### [About this exercise]
Please output every line of the material as it stands, without the pictures.

### [Data below]
== Segment start ==
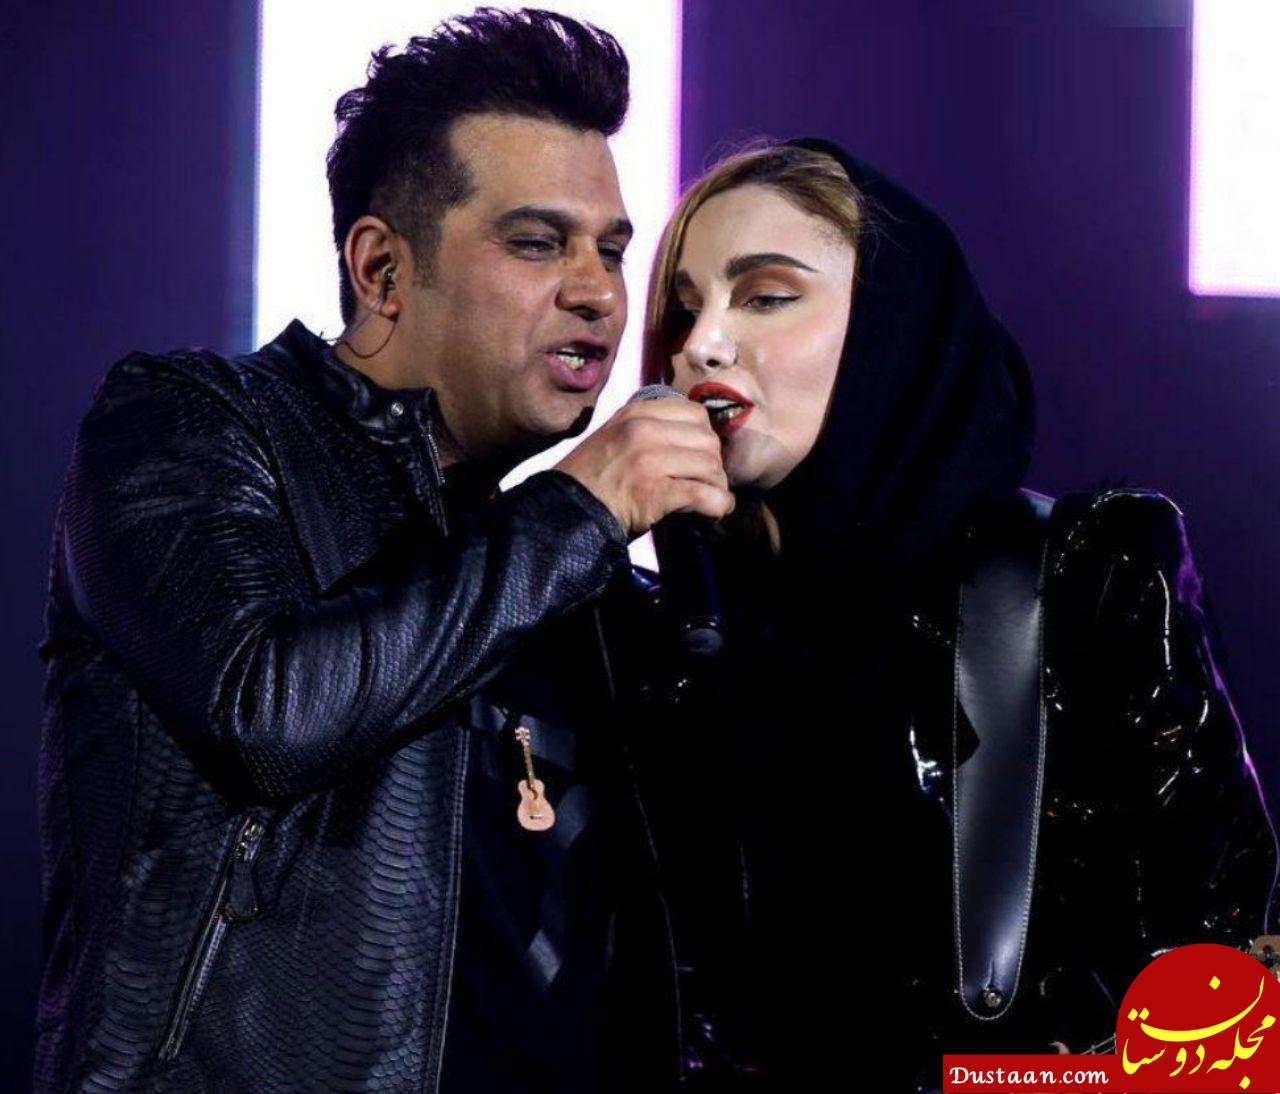 www.dustaan.com واکنش حمید عسگری به حواشی کنسرت جنجالی اش +عکس
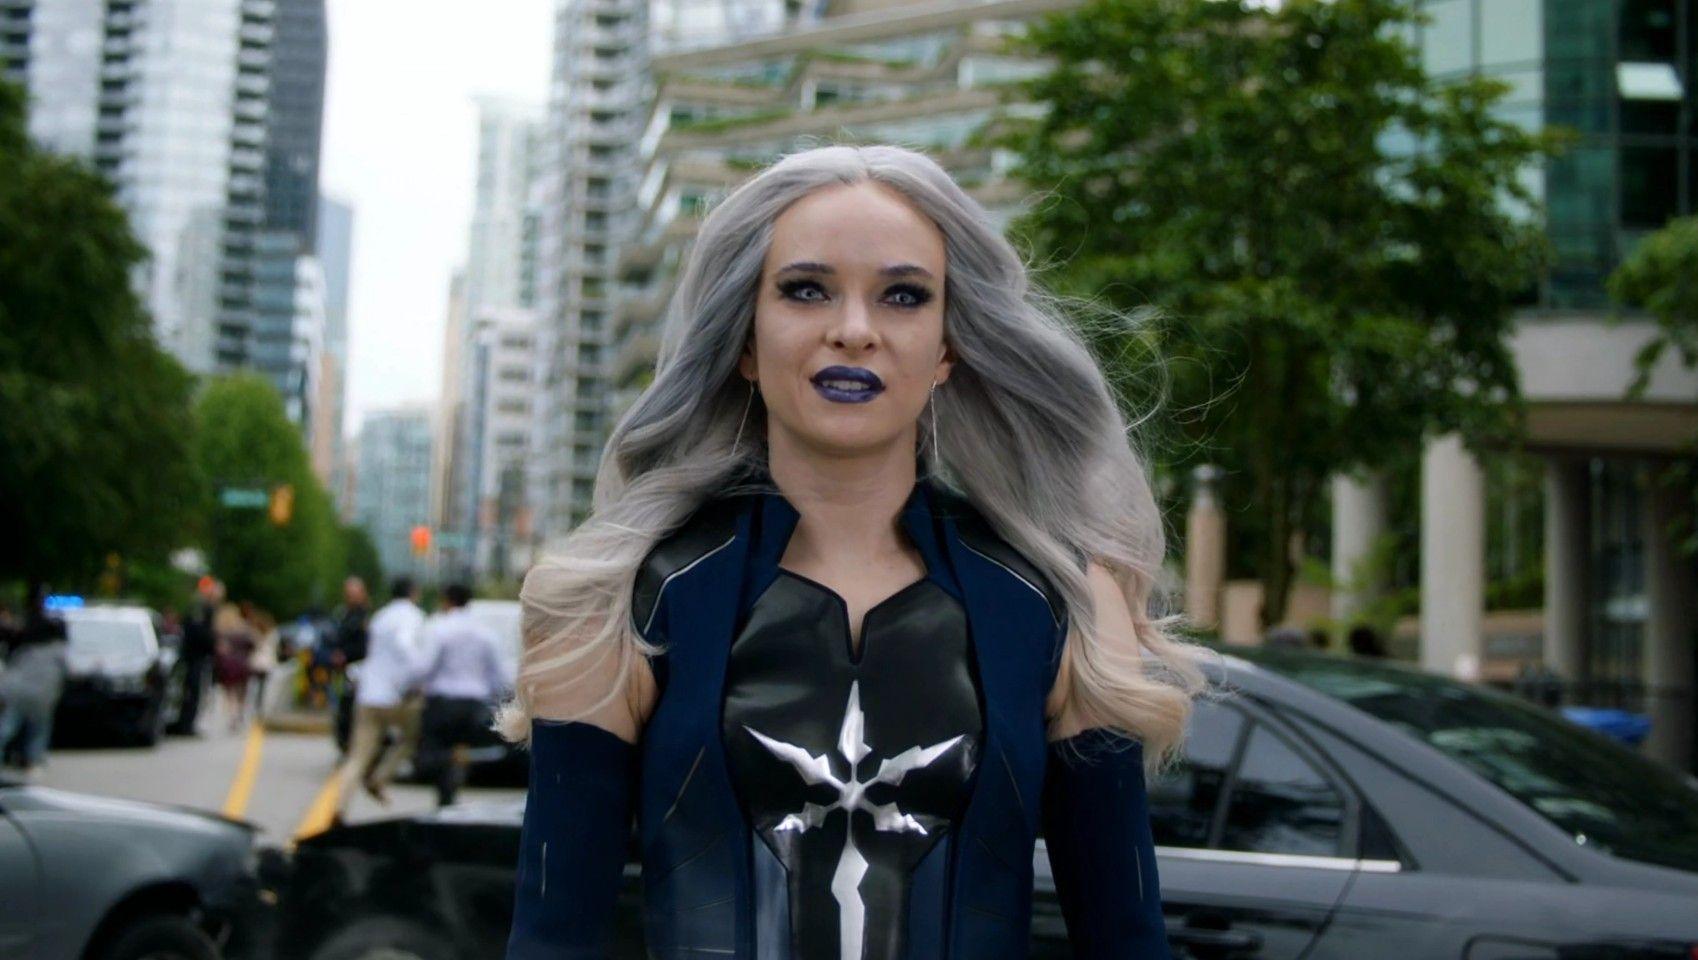 The Flash 4: che ruolo avrà Caitlin Snow aka Killer Frost
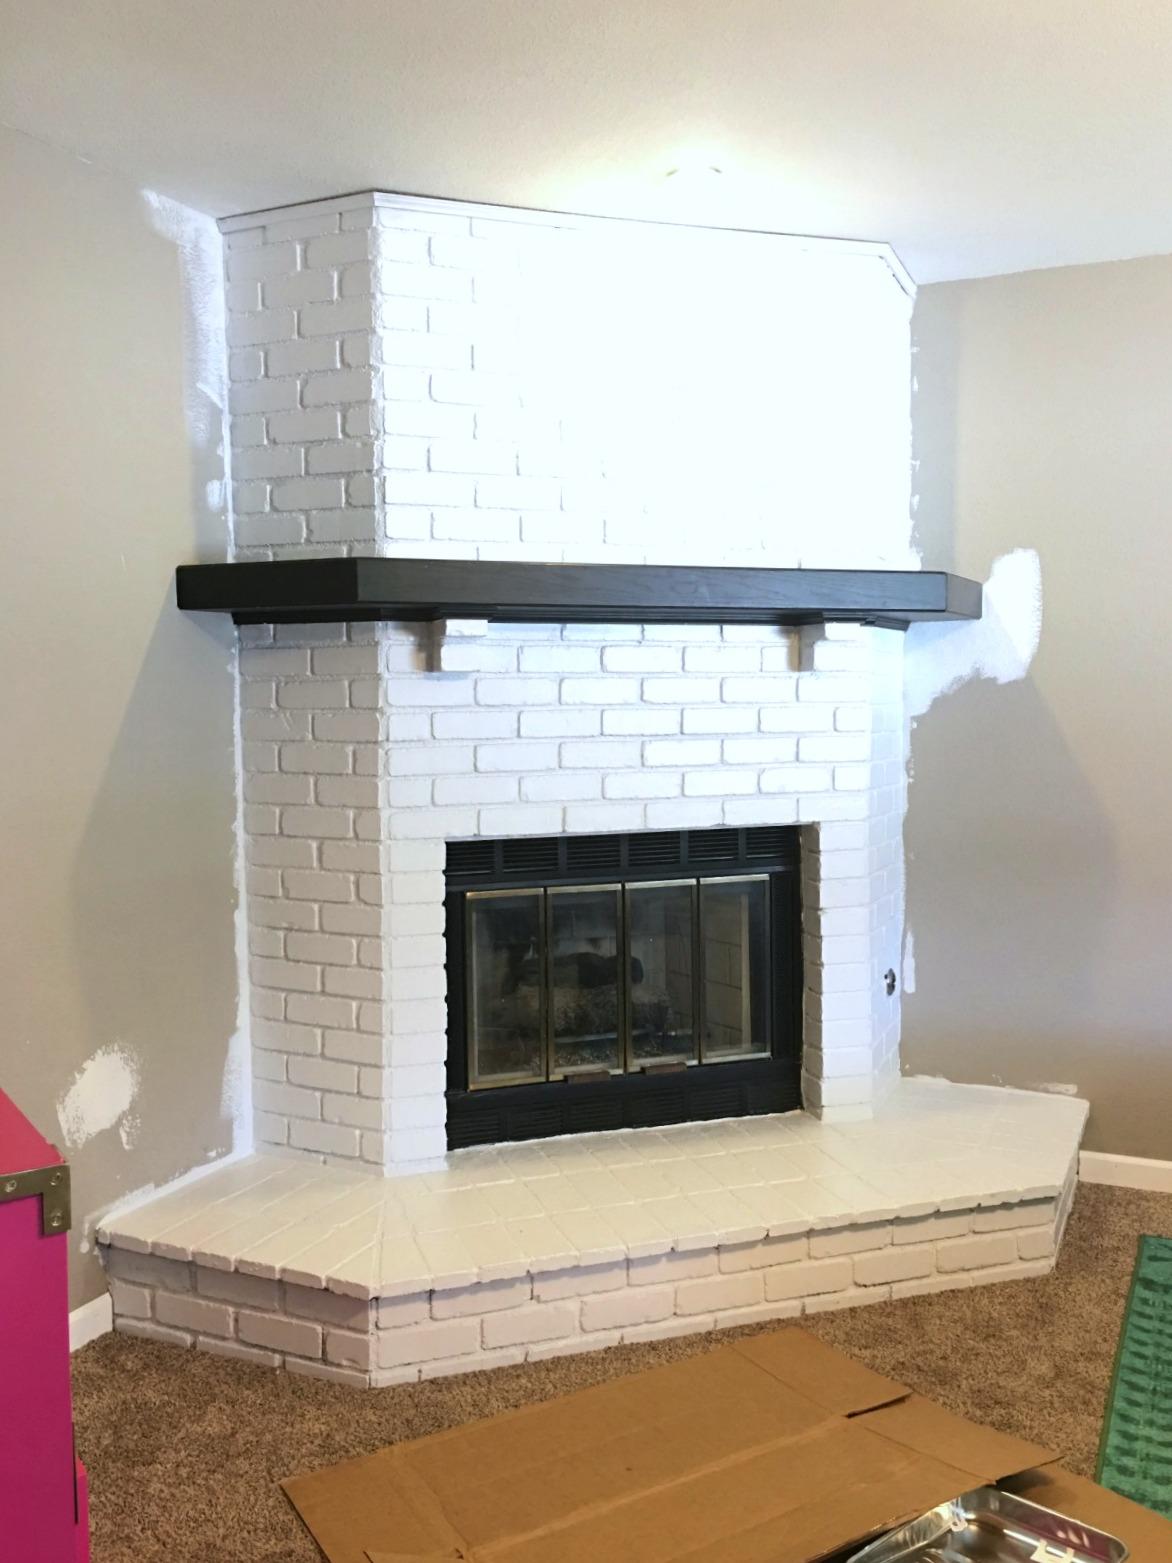 Prescott View Home Reno Fireplace Remodel
== Segment end ==
### [Task answer]
 www.dustaan.com واکنش حمید عسگری به حواشی کنسرت جنجالی اش +عکس
 The Flash 4: che ruolo avrà Caitlin Snow aka Killer Frost
 Prescott View Home Reno Fireplace Remodel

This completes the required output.